Sitting back, distant stare with a mischievous smile on my face… No work getting done today…

Jeez. Just how many “furries” DO we have here…?

Look, some of us guys are insecure enough about the equipment we’ve already got. Now you’re wanting another appendage for us to worry about our comparative size…? That’s just greedy.

Sex would be cool if I had somebody besides myself to do it with.

And with a prehensile tail. Hey Giraffe! Can you please come in here and use your sig please? It’s my favorite.

prehensile tails?How about horns on your head too! But then that would require more orifices to pleasure, where would that extra sex hole go?

This is causing me visions of Bosch’s Garden of Earthly Delights

Ya know, I’ve thought the same thing.

I think I got the idea from a science fiction book about brain transplants. The main character had his brain transplanted into the body of a woman with a prehensile tail. As a teenager (this was a while ago) that was kind of a turn-on.

Come to think of it, when I was a teenager, everything turned me on.

But prehensile tails would be fun.

Um, y’all don’t have a prehensile tail? Guess that’s why I was taught to keep mine tucked in.

I’d settle for a prehensile penis.

Prehensile tails? Like, one each, or more?

Sincere apologies to anyone who got scary imagary of tentacle porn there.

Forget sex, think about the computing! Tail for mouse, hands for keyboard! And never take them off! That right there’s nearly orgasmic.

Probably a stupid question, but what’s a furry?

Ya know, I wasn’t going to post to this thread. I was just going to let it slip by, so to speak. Until I read:

“Afterwards, she told me that she’d grown a prehensile tail and was really getting off on wrapping it around my legs and squeezing, before continuing her regression into a gilled creature, gushing torrents of hot roe, and then finally experiencing the perpetually repeating orgasm of unicellular reproduction by division first-hand.”

Had to laugh.
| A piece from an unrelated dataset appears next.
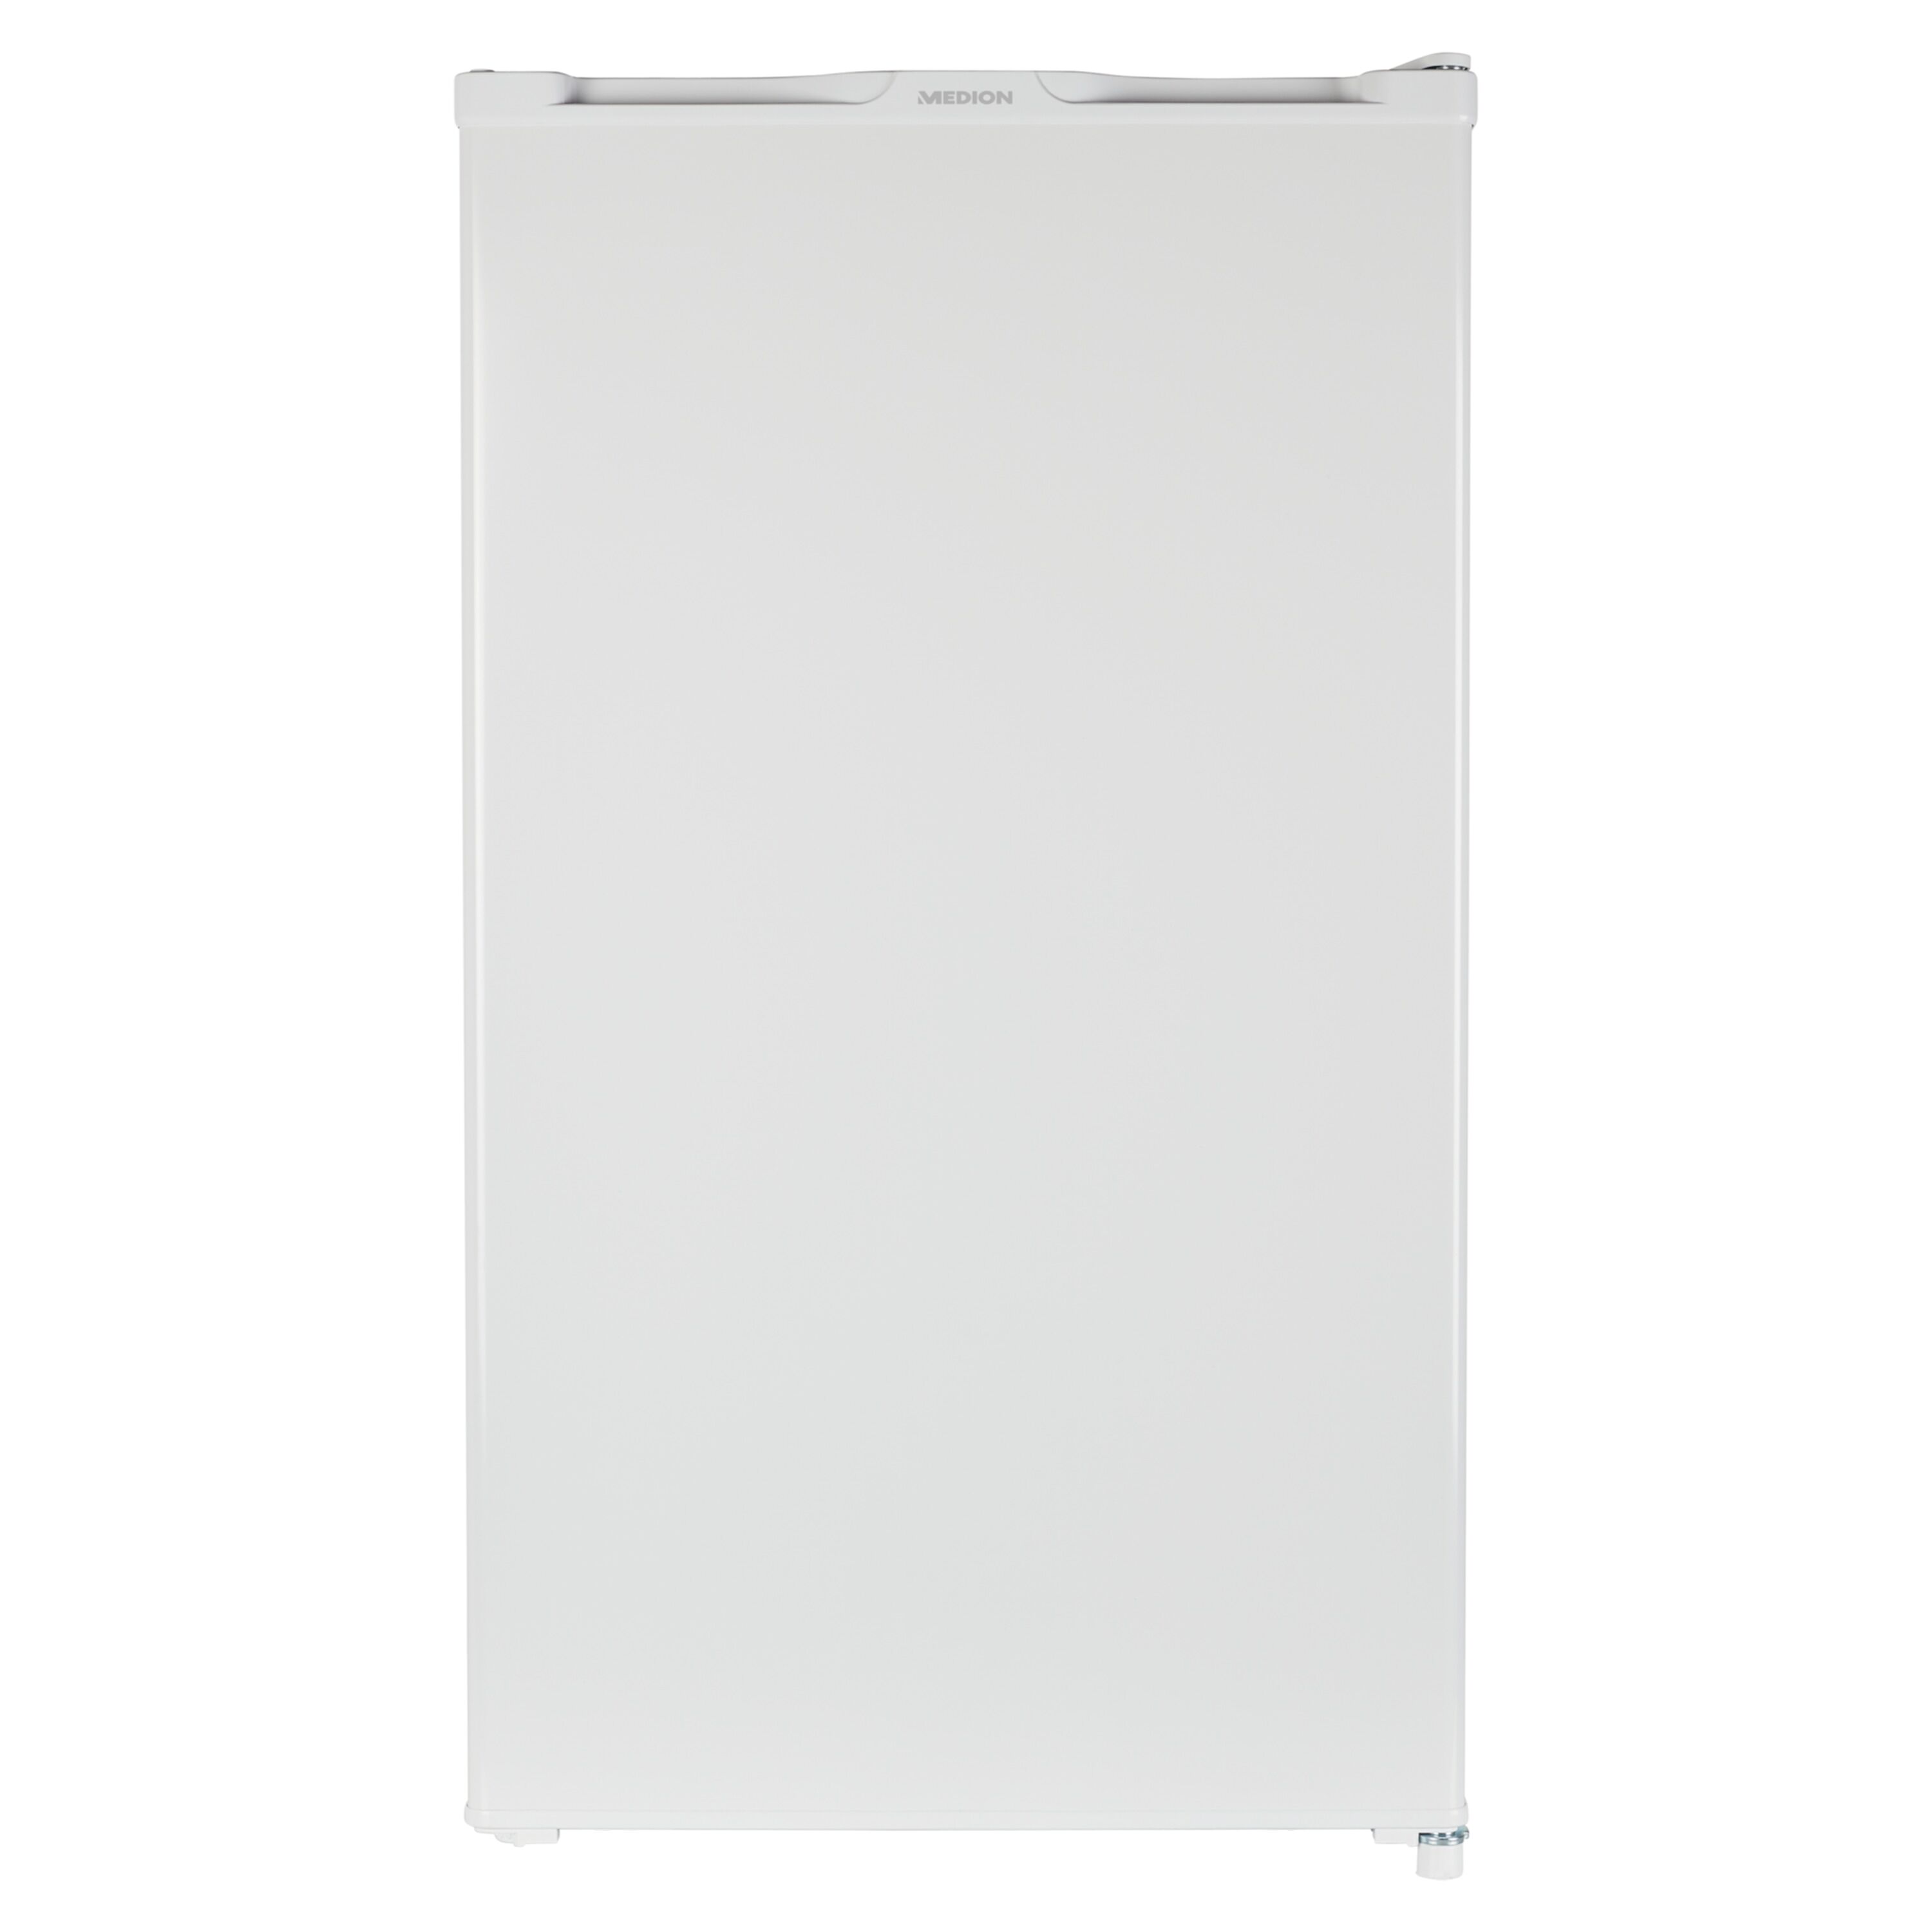 MEDION MEDION® Réfrigérateur avec compartiment à glaçons MD 37305 capacité nette totale de 93 L (compartiment réfrigérateur 83 L et compartiment à g

L M, you’re twisted. Gotta love it.

I clearly need some sort of Bat-signal. But, you know, giraffe-shaped.

I don’t think I’d want to have a prehensile tail, at least as far as sex is concerned. Maybe I lack imagination, but I can’t think of anything I need more than two hands plus a tongue or penis for. What would it do? Wave a checkered flag at the end?

Anyway, with a shout out to Bruce_Daddy:

wtf?? :confused:

Ever since I was six years old and got to play a lion in our school Christmas paegant, I’ve wanted a tail. (The first grade class were all “lions” and my mom made me a tail from rope and a little pom pom-it was pretty cool).

I think it would be cool to have a prehensile tail-not just for sex. Think about it-you could use it to whip people, and scratch the back of your neck while you’re typing on the computer.

And if it were strong enough, you could hang from tree branches.

Dammit, I want a tail! It’s not fair!